## GIVEN DATA
════════════════
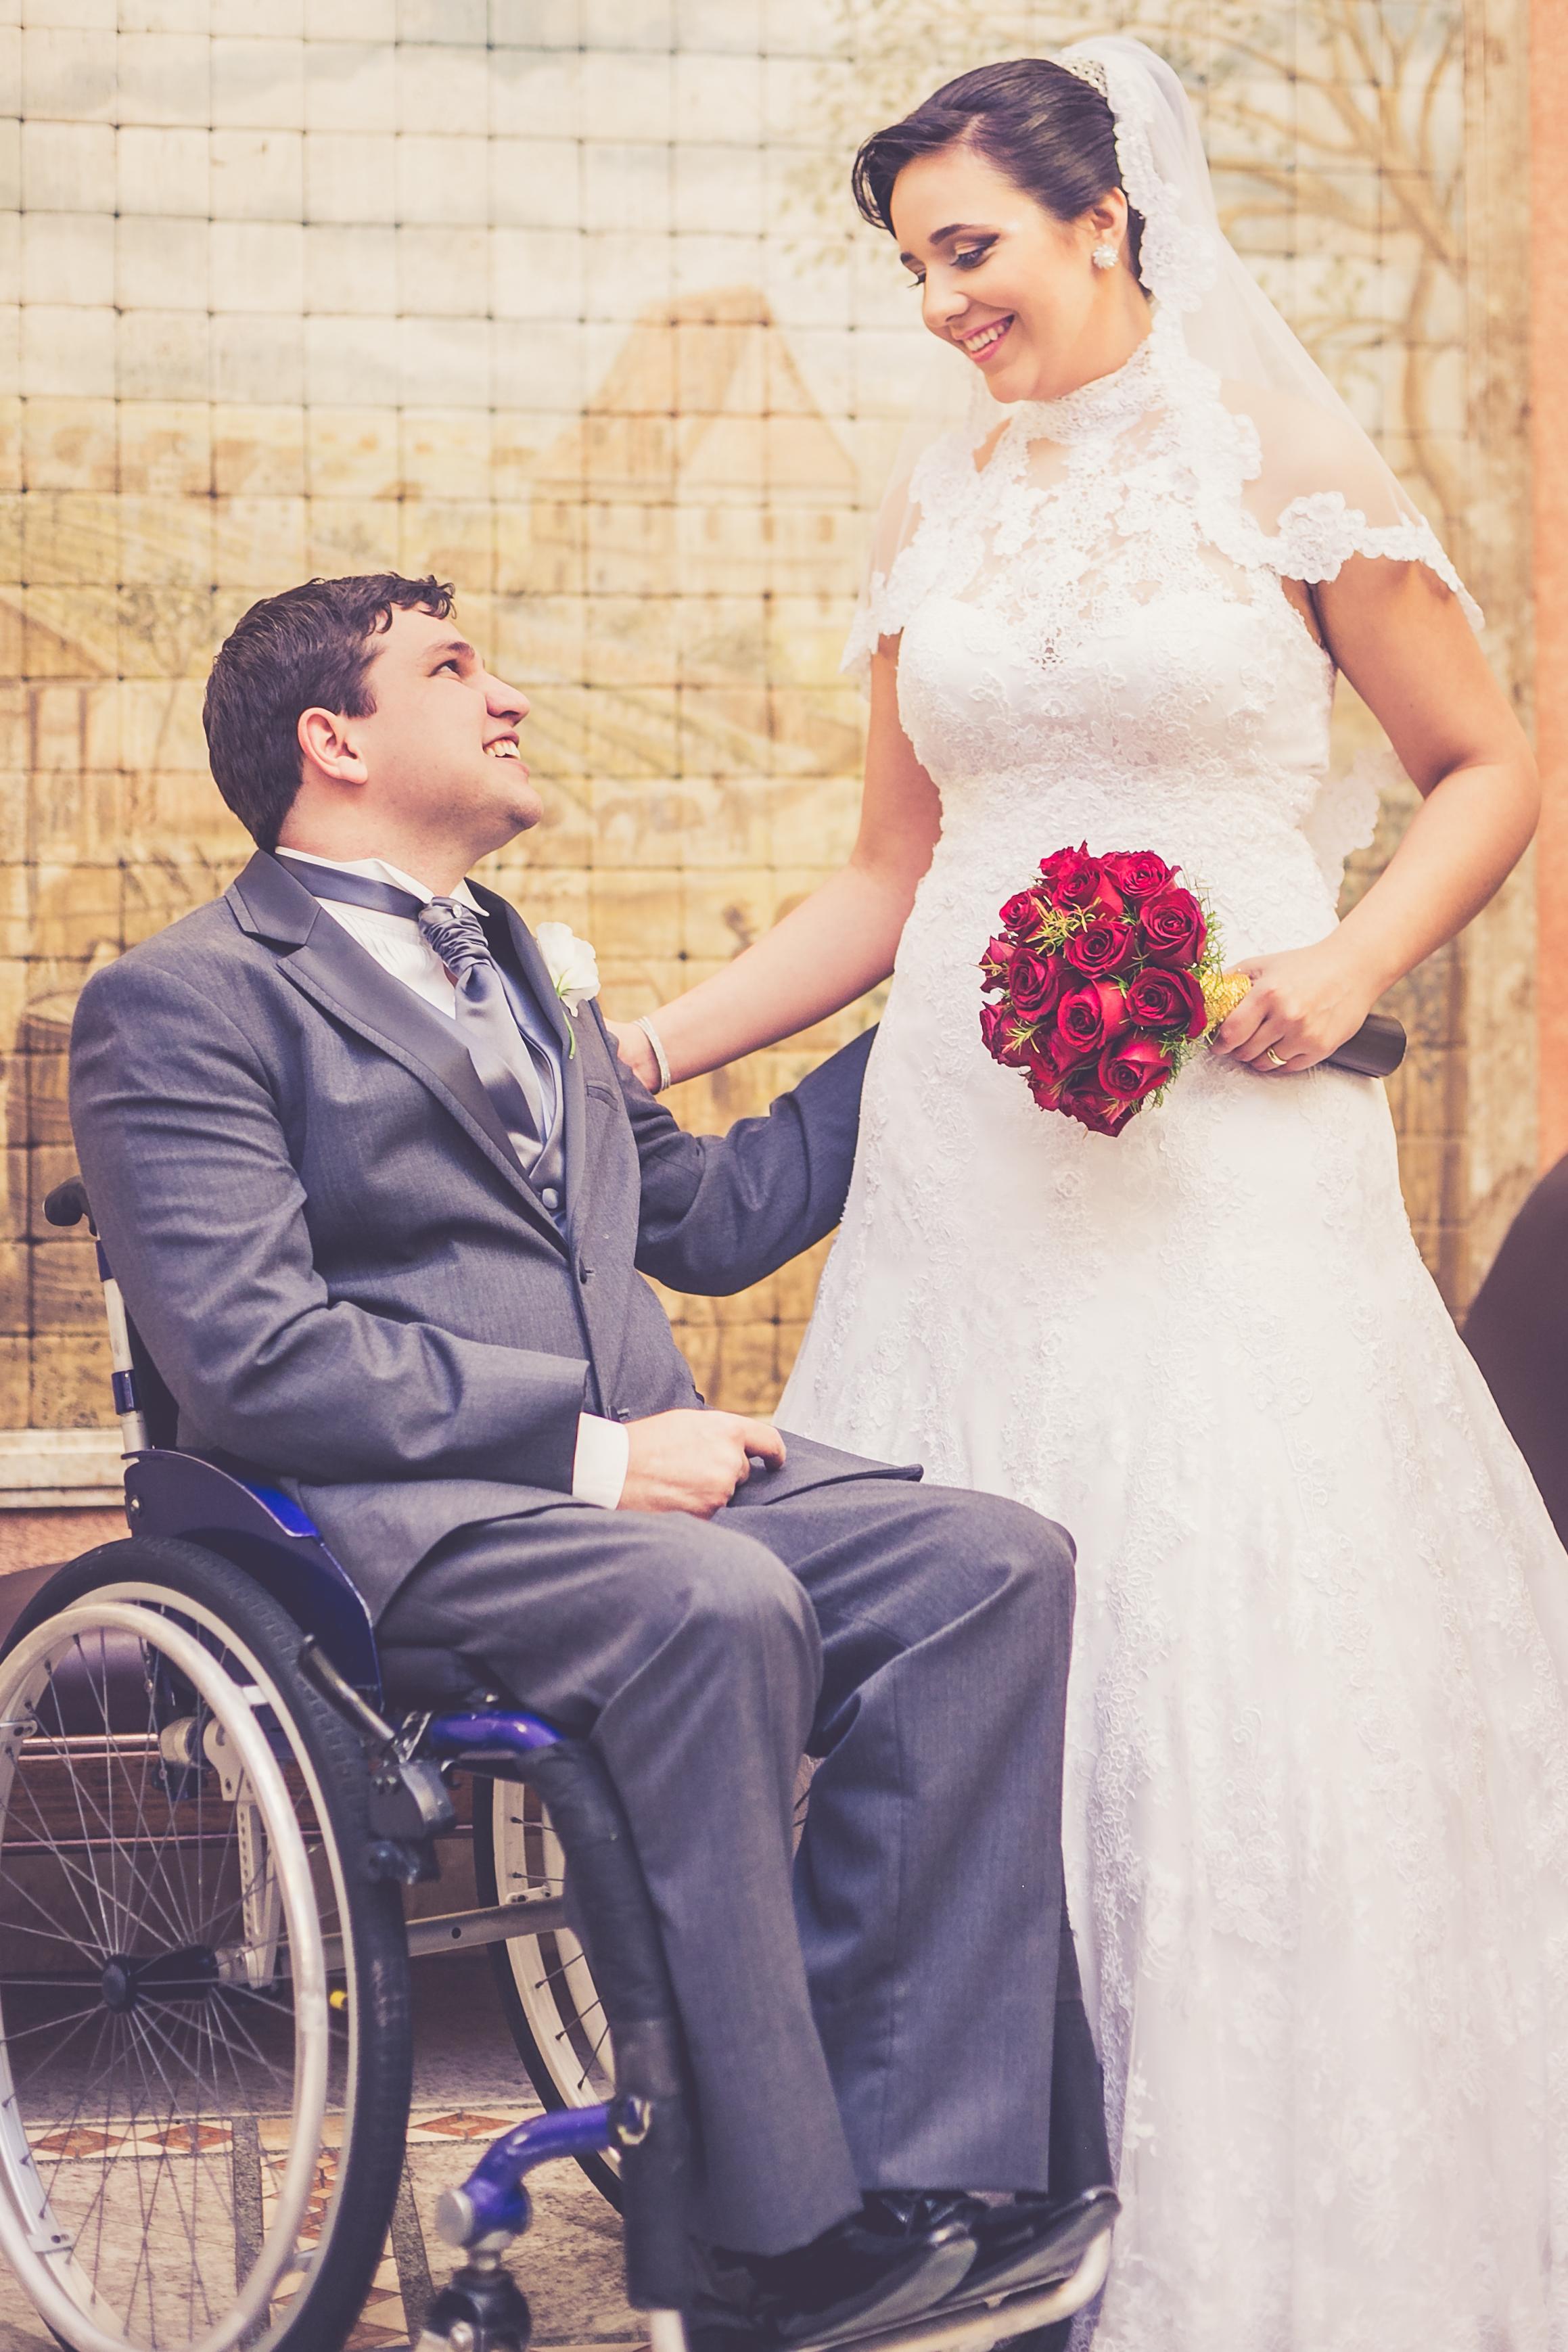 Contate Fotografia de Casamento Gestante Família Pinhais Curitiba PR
════════════════
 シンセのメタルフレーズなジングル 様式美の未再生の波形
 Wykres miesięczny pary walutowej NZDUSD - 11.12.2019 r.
════════════════
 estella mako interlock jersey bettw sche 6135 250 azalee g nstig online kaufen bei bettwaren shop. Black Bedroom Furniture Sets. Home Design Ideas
════════════════
## REQUIRED ACTION
Above are the entries. Quote exactly the lines from the one bearing "シンセのメタルフレーズなジングル 様式美の未再生の波形" through the one bearing "Wykres miesięczny pary".

## ANSWER SPACE
 シンセのメタルフレーズなジングル 様式美の未再生の波形
 Wykres miesięczny pary walutowej NZDUSD - 11.12.2019 r.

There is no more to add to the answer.